Um grupo de cientistas e empreendedores no Ontário, Canadá, está a desenvolver uma cerveja (sem álcool) feita a partir de cannabis. Ainda que já existam algumas cervejas no mercado feitas a partir de cevada, ao qual se junta óleo de cannabis, a Province Brands, a empresa que está a criar a nova bebida, acredita que esta é a primeira cerveja feita com a própria cannabis – usando a raiz, o caule e as folhas da planta do cânhamo.

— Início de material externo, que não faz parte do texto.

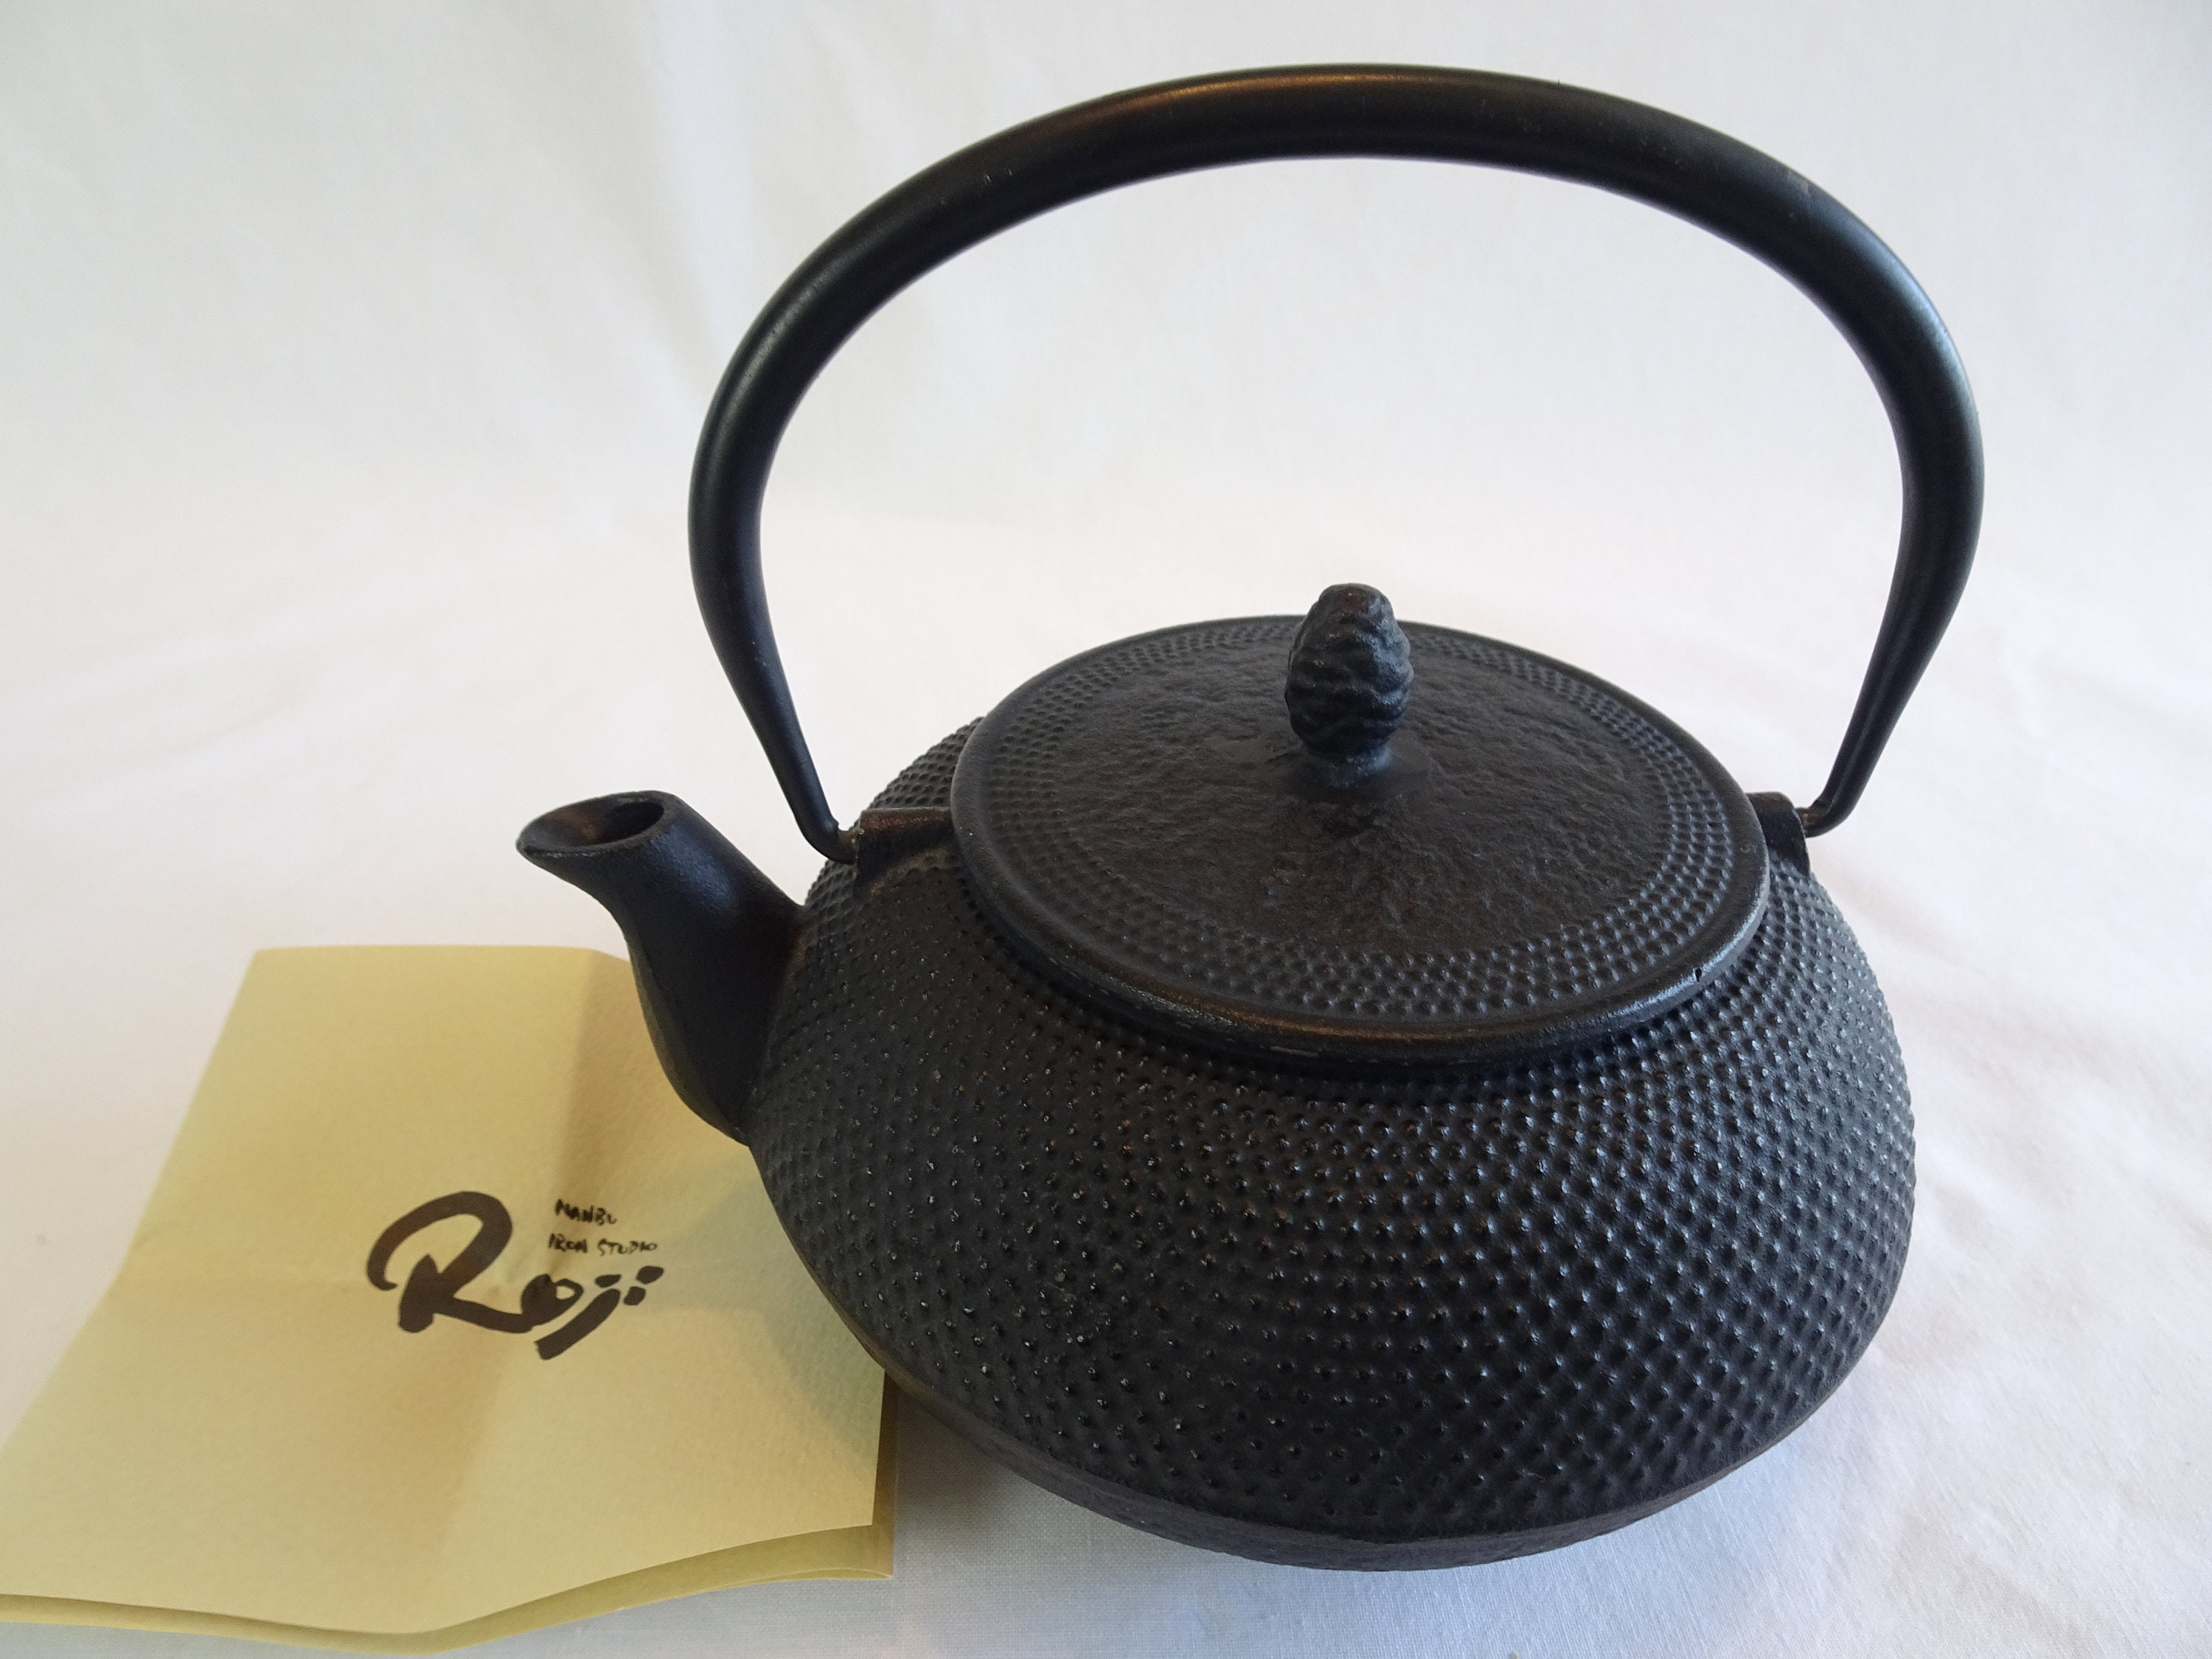 Cast Iron Japanese Tea Pot Teapot / Kettle Large 1.5L Solid Made
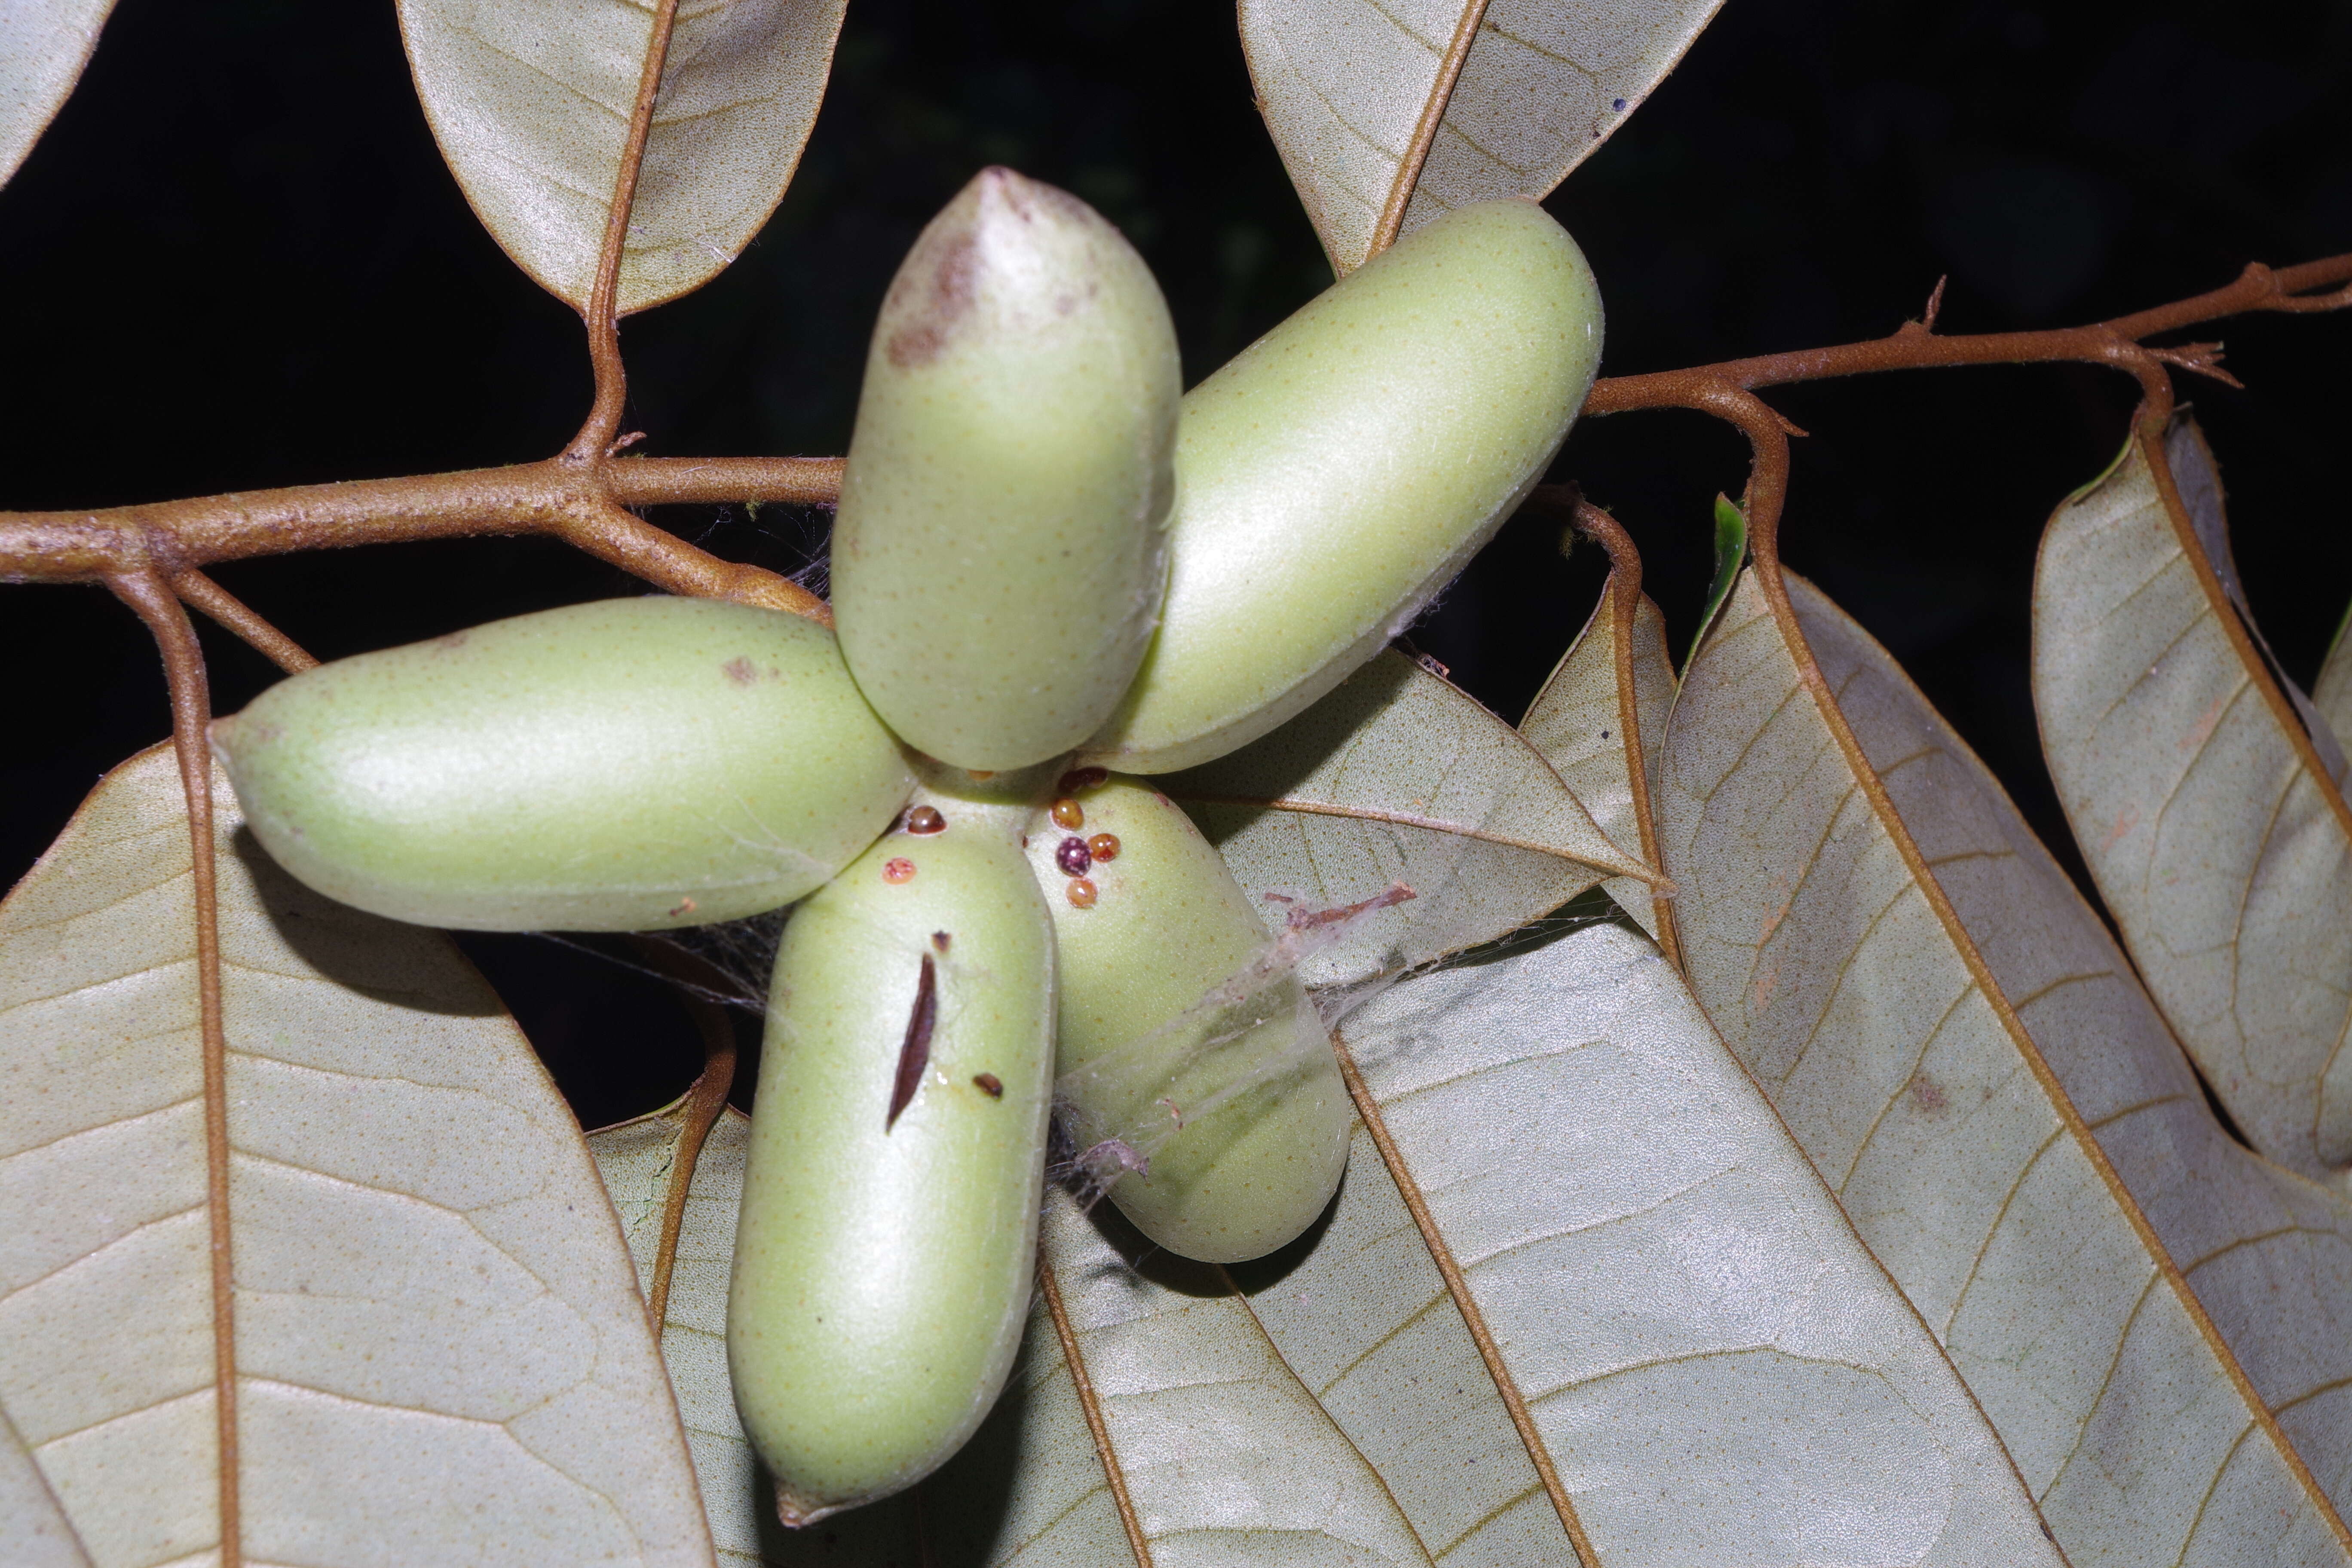 Image of Meiocarpidium lepidotum (Oliv.) Engl. & Diels

A possibilidade de um negócio multimilionário está a fazer com que dezenas de empreendedores no Canadá tentem assegurar já o domínio do mercado deste tipo de cerveja – e de outros produtos não alcoólicos feitos à base da planta –, refere o jornal britânico The Guardian.

O principal objectivo de Dooma Wendschuh, da startup Province Brands, era criar uma alternativa ao álcool. Ao início, foi difícil. “Aquilo que conseguíamos fazer tinha um sabor terrível”, conta. Mas com a ajuda de um engenheiro químico, conseguiu atingir a combinação certa de lúpulo, água e fermento – e cannabis, claro. O álcool criado no processo é removido. “Esta cerveja faz efeito muito rapidamente”, referiu ainda, acreditando que será uma alternativa saudável ao álcool.

No mês passado, o Canadá juntou-se à reduzida lista de países que legalizaram o consumo recreativo de cannabis, tornando-se no segundo país, a seguir ao Uruguai, a criar um mercado legal da substância. Nos Estados Unidos, o consumo recreativo desta substância é permitido em nove estados, enquanto em 30 dos restantes estados o consumo pode fazer-se para fins medicinais. Em Portugal, o Parlamento aprovou a 15 de Junho a utilização de cannabis para fins medicinais, apenas quando as terapêuticas convencionais tenham efeitos adversos ou indesejados.

A expectativa canadiana é que a legalização do consumo desta substância ajude a reduzir o crime associado ao tráfico. E, apesar de o primeiro-ministro ter dito que esperava ter a nova lei a funcionar em Julho, as autoridades locais já vieram dizer que Setembro será a data mais provável, já que ainda falta criar a regulamentação do comércio nas diferentes províncias.